> Given material
%%
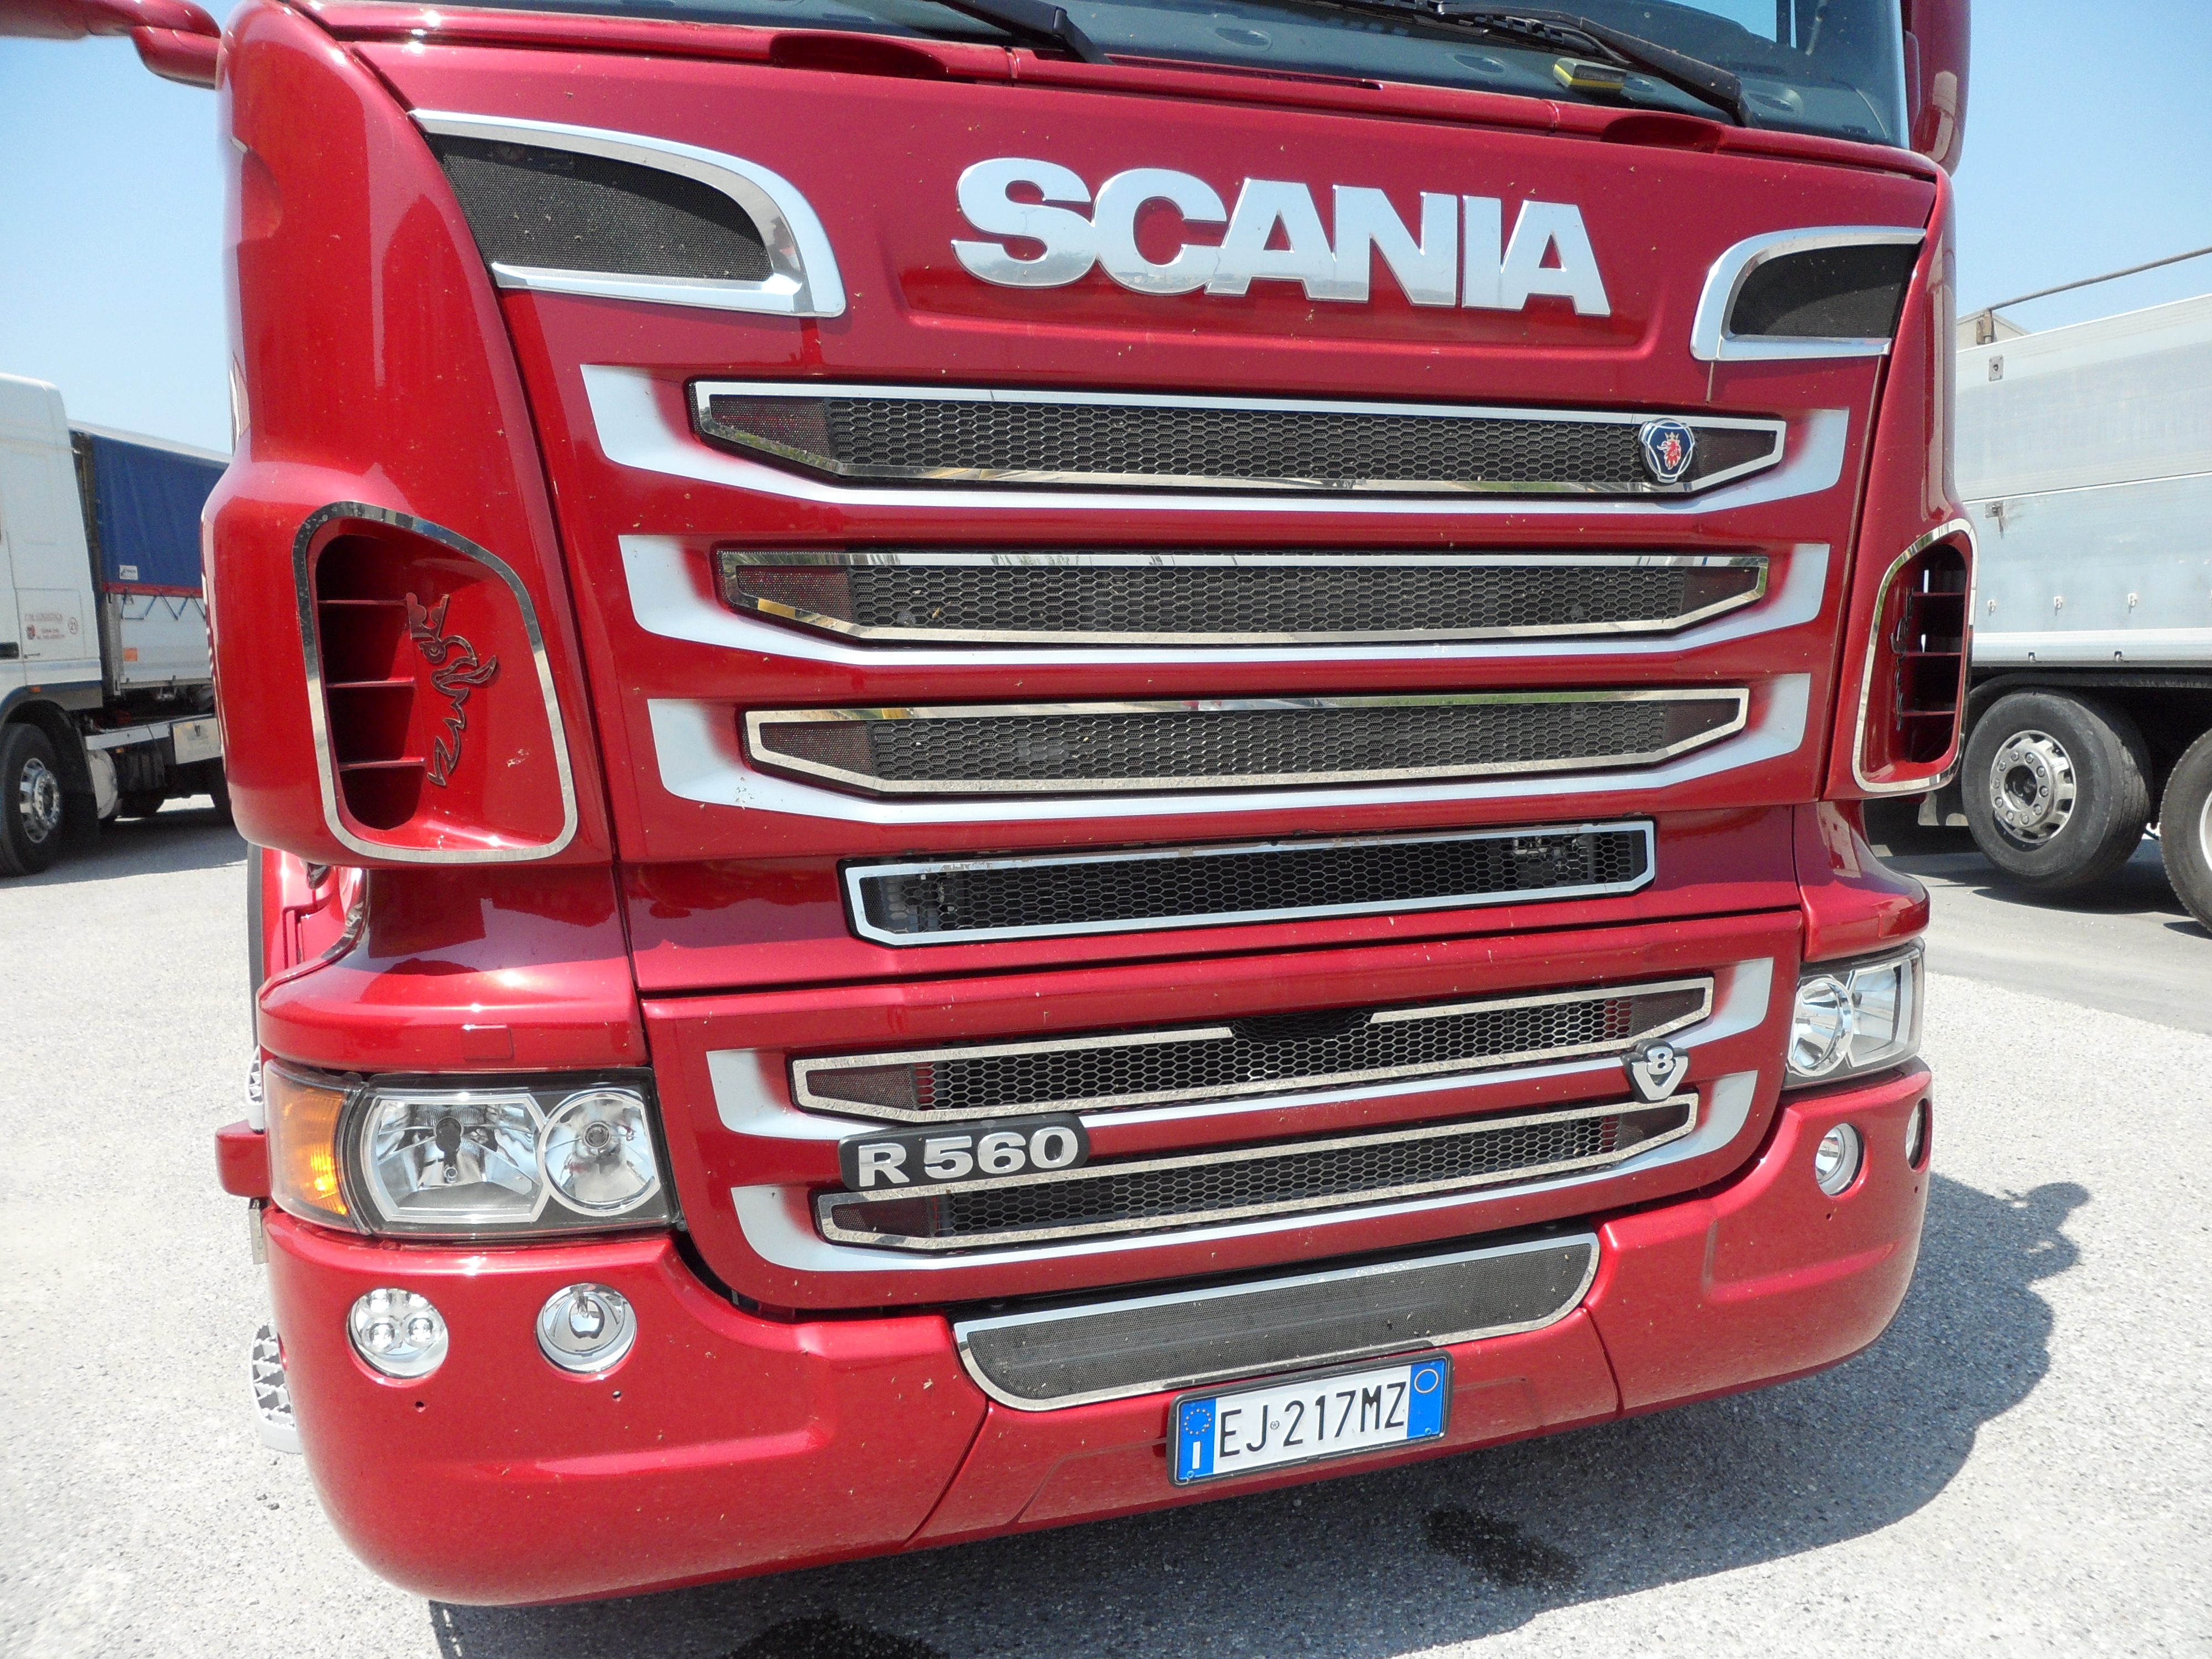 2 x acciaio INOX griglia anteriore Dash angolo decorazioni laser inciso grifoni per Scania R 2010/16 Trucks 
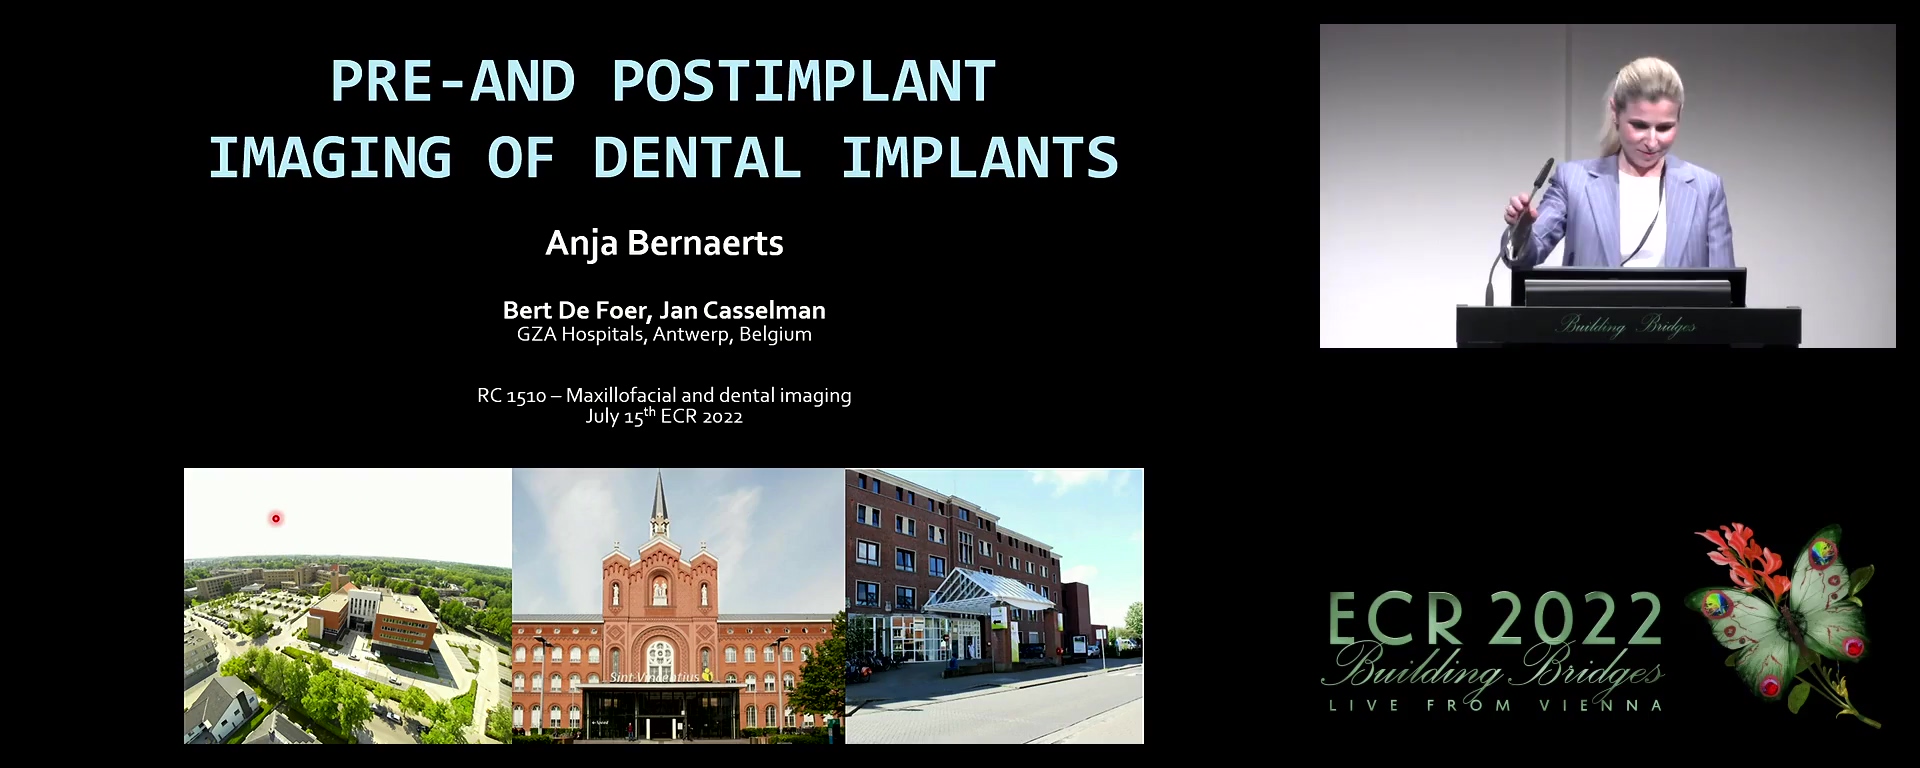 Pre-and postimplant imaging of dental implants - Anja Bernaerts, Antwerp / BE
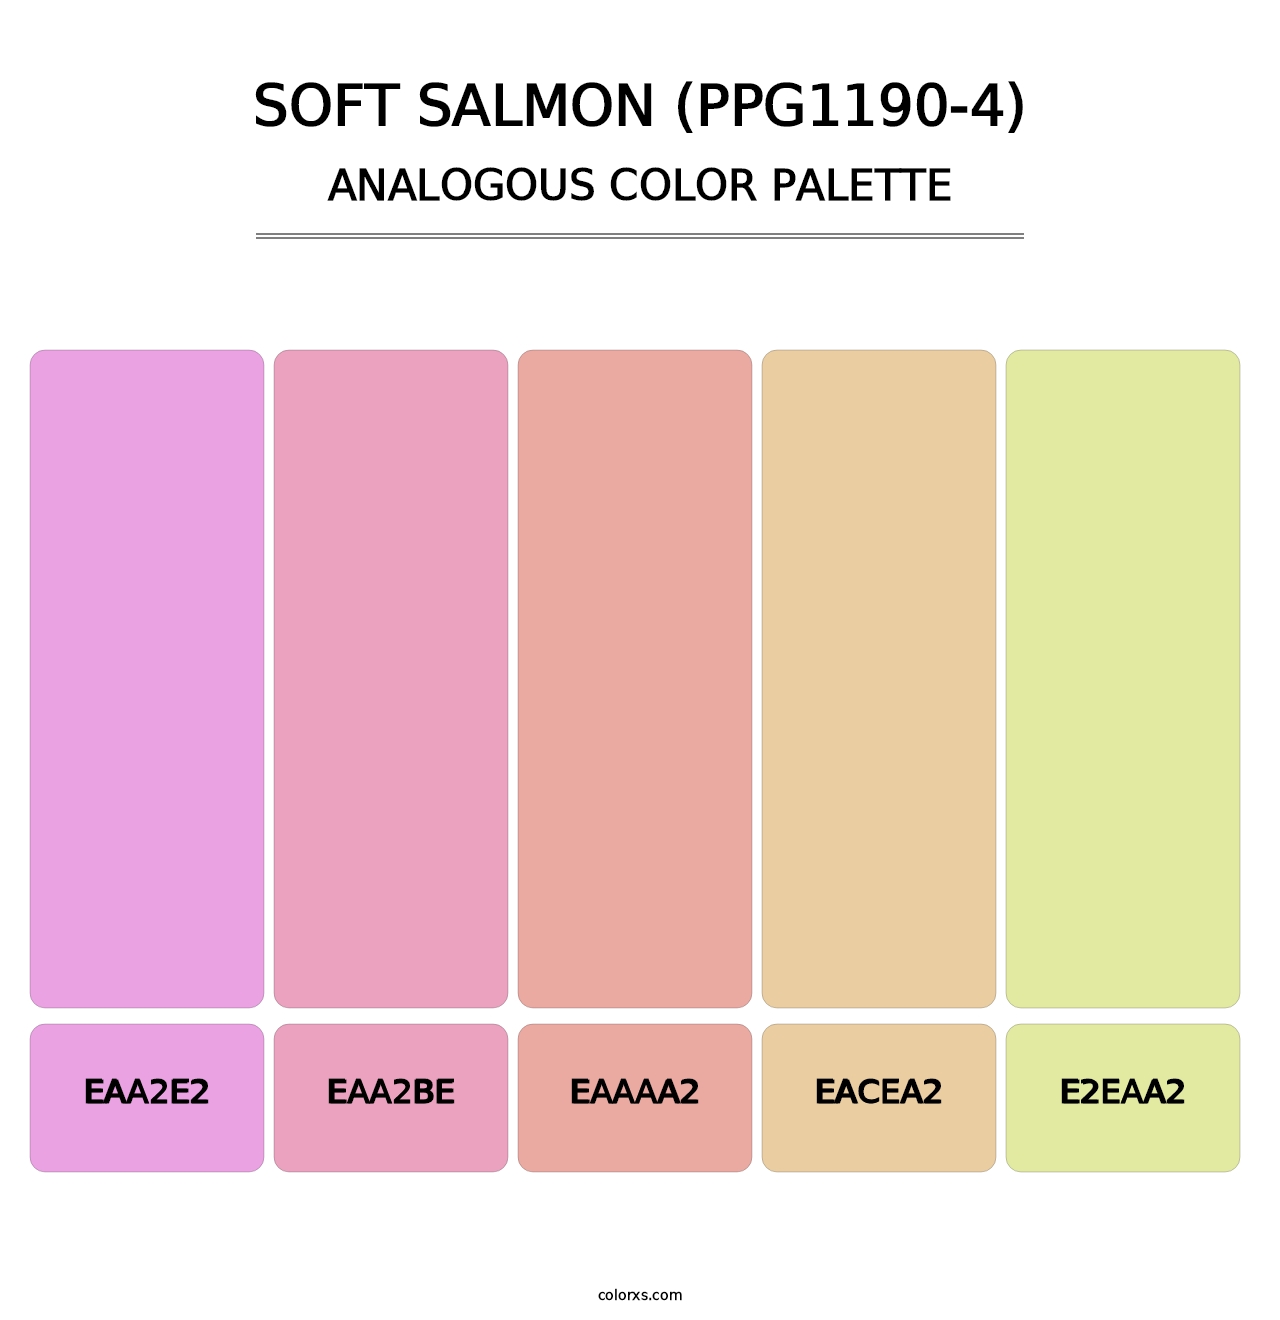 Soft Salmon (PPG1190-4) - Analogous Color Palette
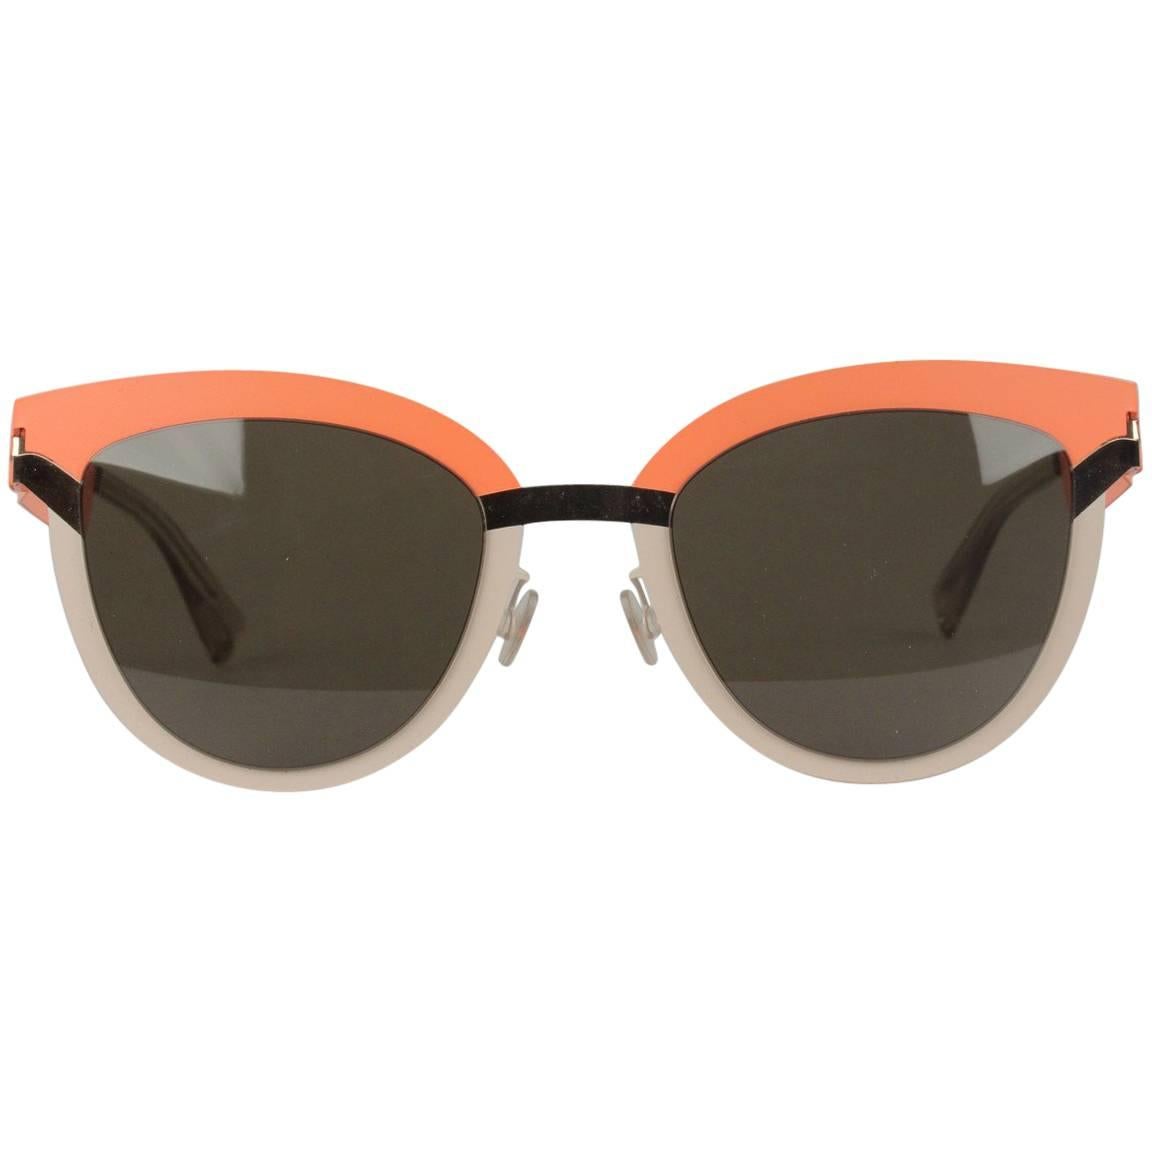 MYKITA STUDIO Mint Sunglasses S8 Tangerine Desert Modules Green Lens
%%
> What the exercise asks
Quote the full listing above word for word; exclude every picture from the copy.

> Task result
 2 x acciaio INOX griglia anteriore Dash angolo decorazioni laser inciso grifoni per Scania R 2010/16 Trucks 
 Pre-and postimplant imaging of dental implants - Anja Bernaerts, Antwerp / BE
 Soft Salmon (PPG1190-4) - Analogous Color Palette
 MYKITA STUDIO Mint Sunglasses S8 Tangerine Desert Modules Green Lens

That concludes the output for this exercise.